Goal of the exercise: What should be copied is the stretch of entries below from the line with "Irish Shirts | Ireland Shirt" up to and including the line with "Gittos earthmoving", exactly and without images.

Available records:
•••••
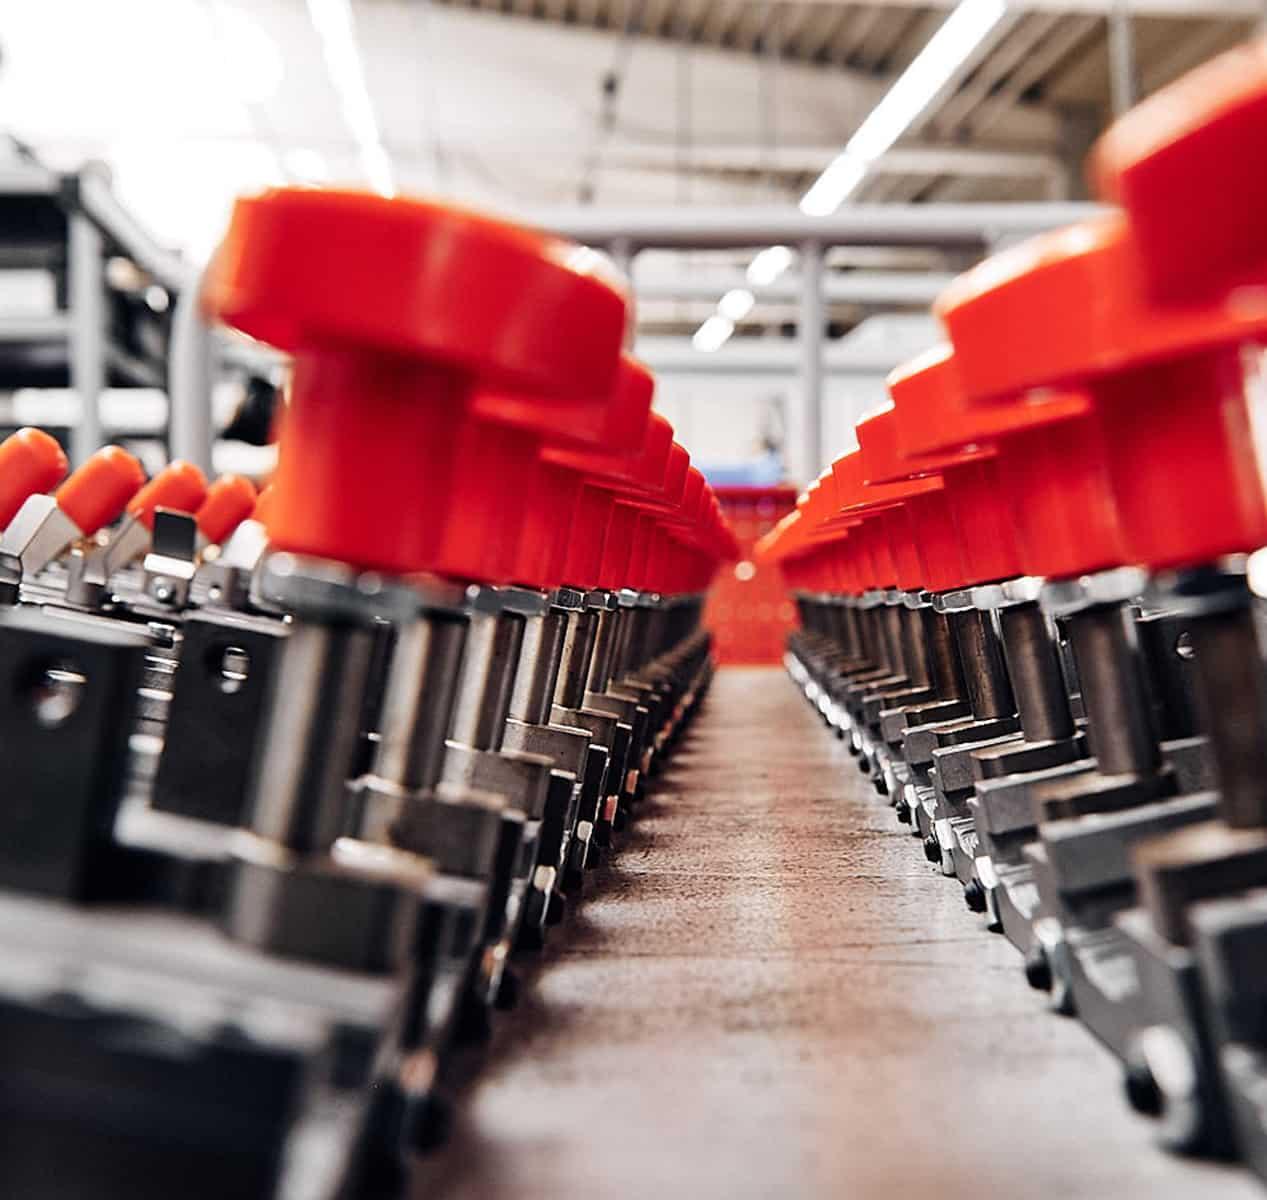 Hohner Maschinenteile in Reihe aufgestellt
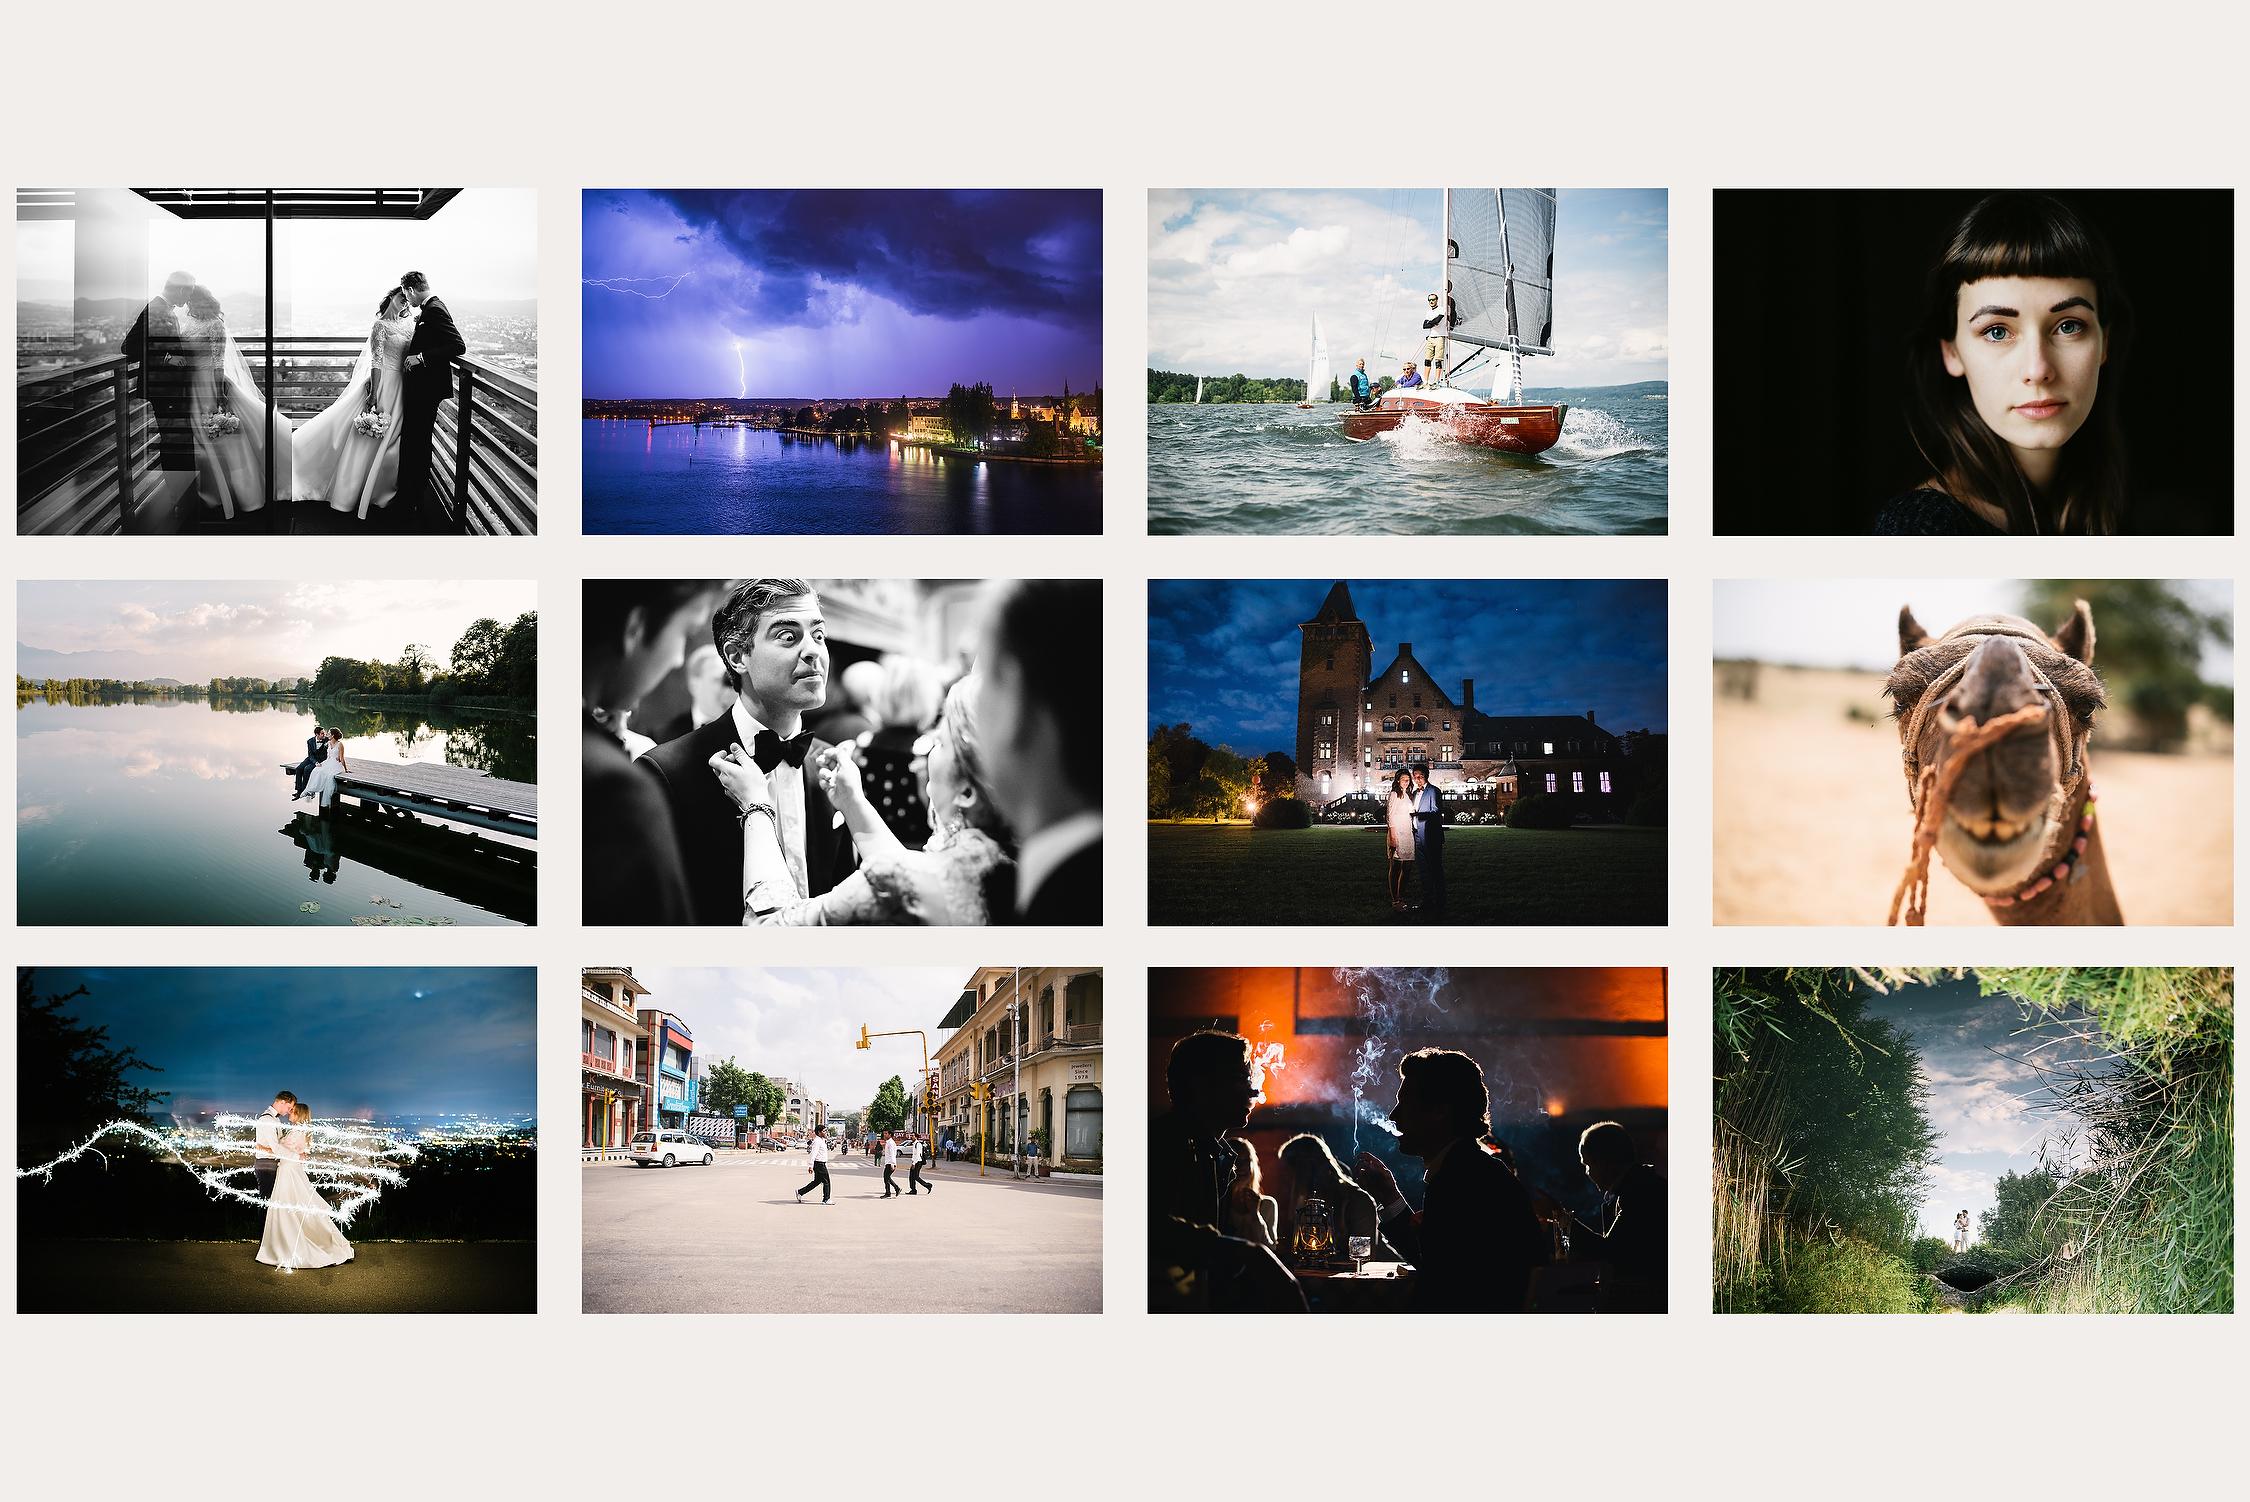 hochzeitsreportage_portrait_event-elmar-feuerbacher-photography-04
•••••
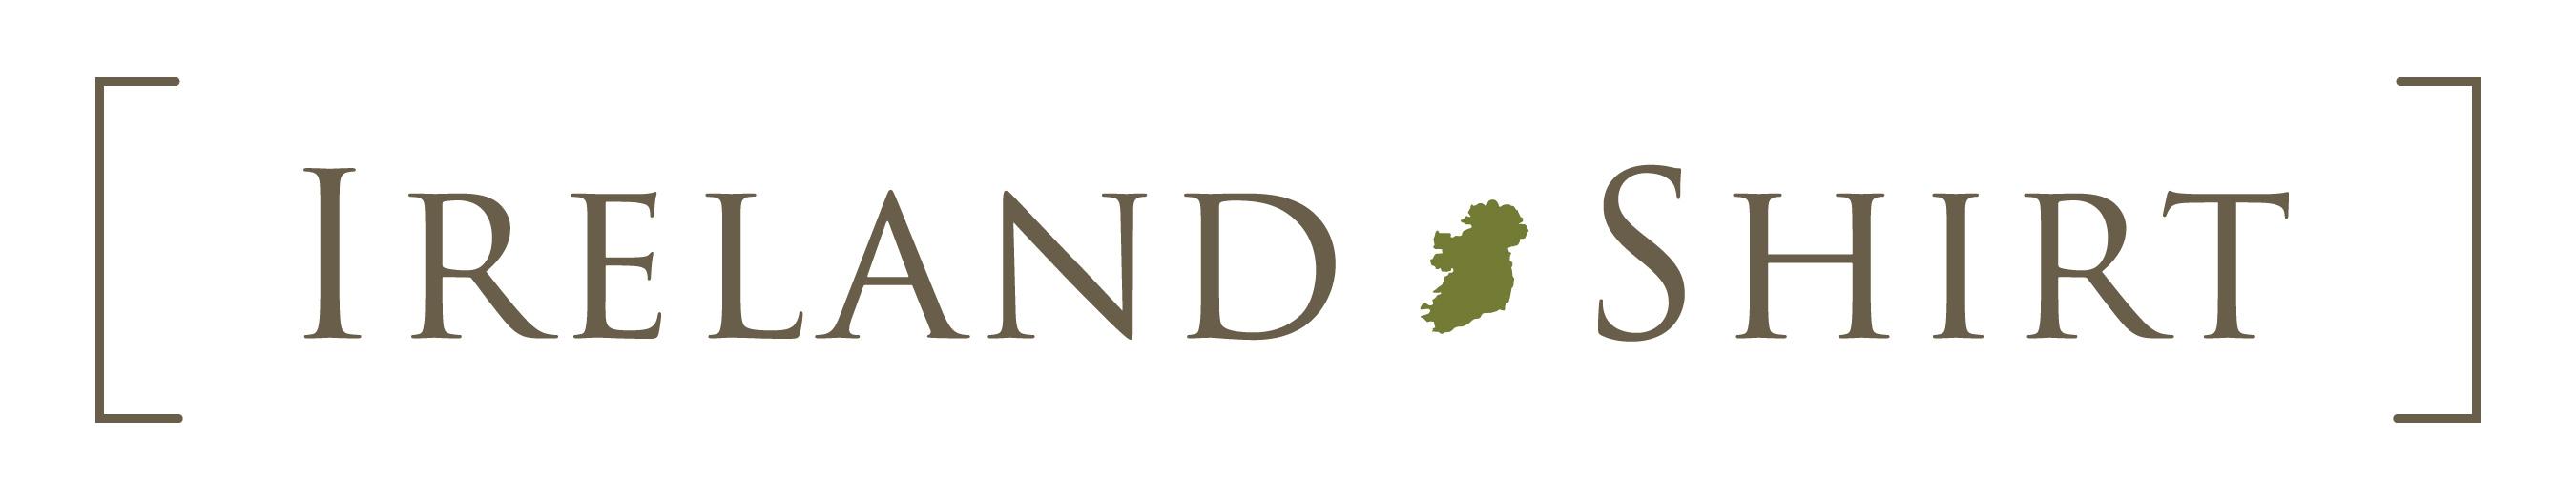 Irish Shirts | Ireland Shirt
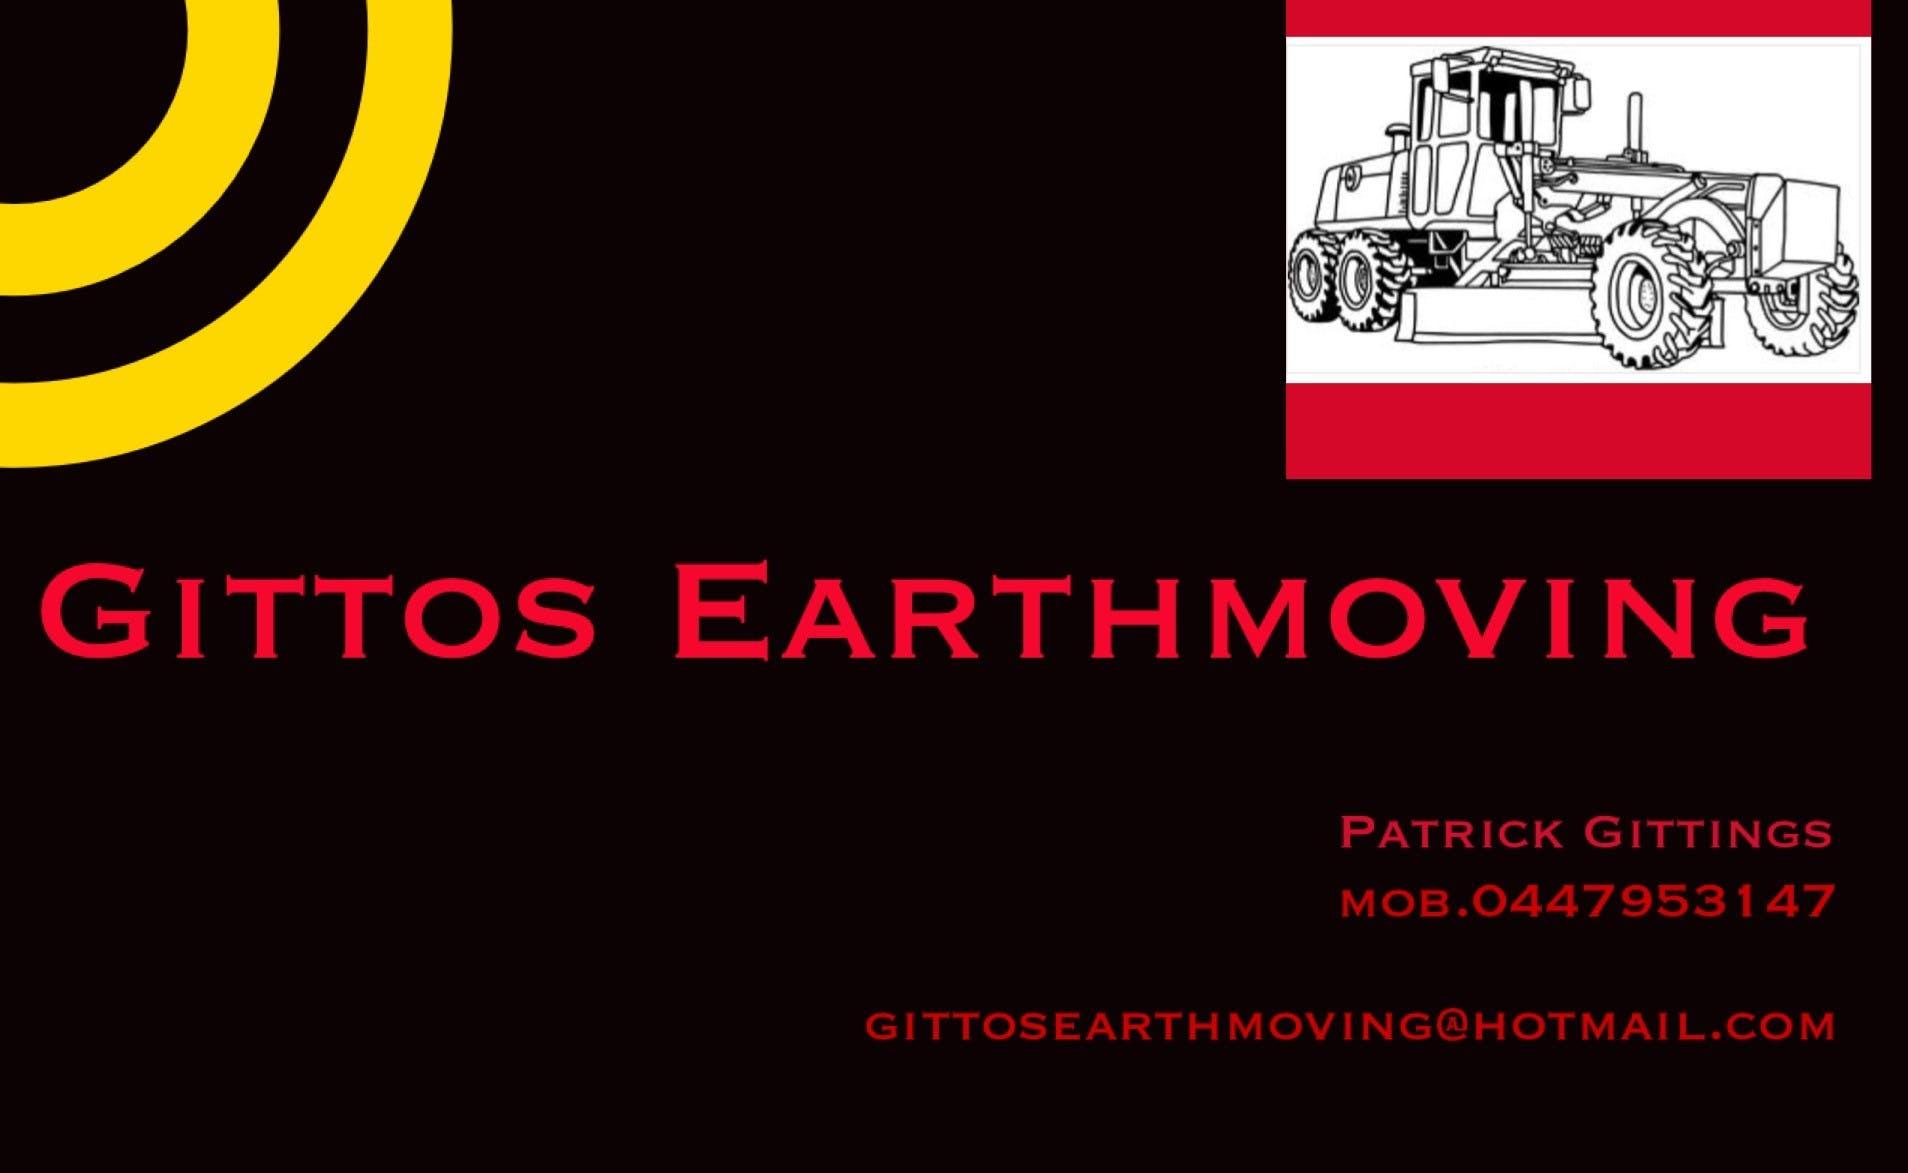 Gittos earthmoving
•••••
Answer to the problem:
 Irish Shirts | Ireland Shirt
 Gittos earthmoving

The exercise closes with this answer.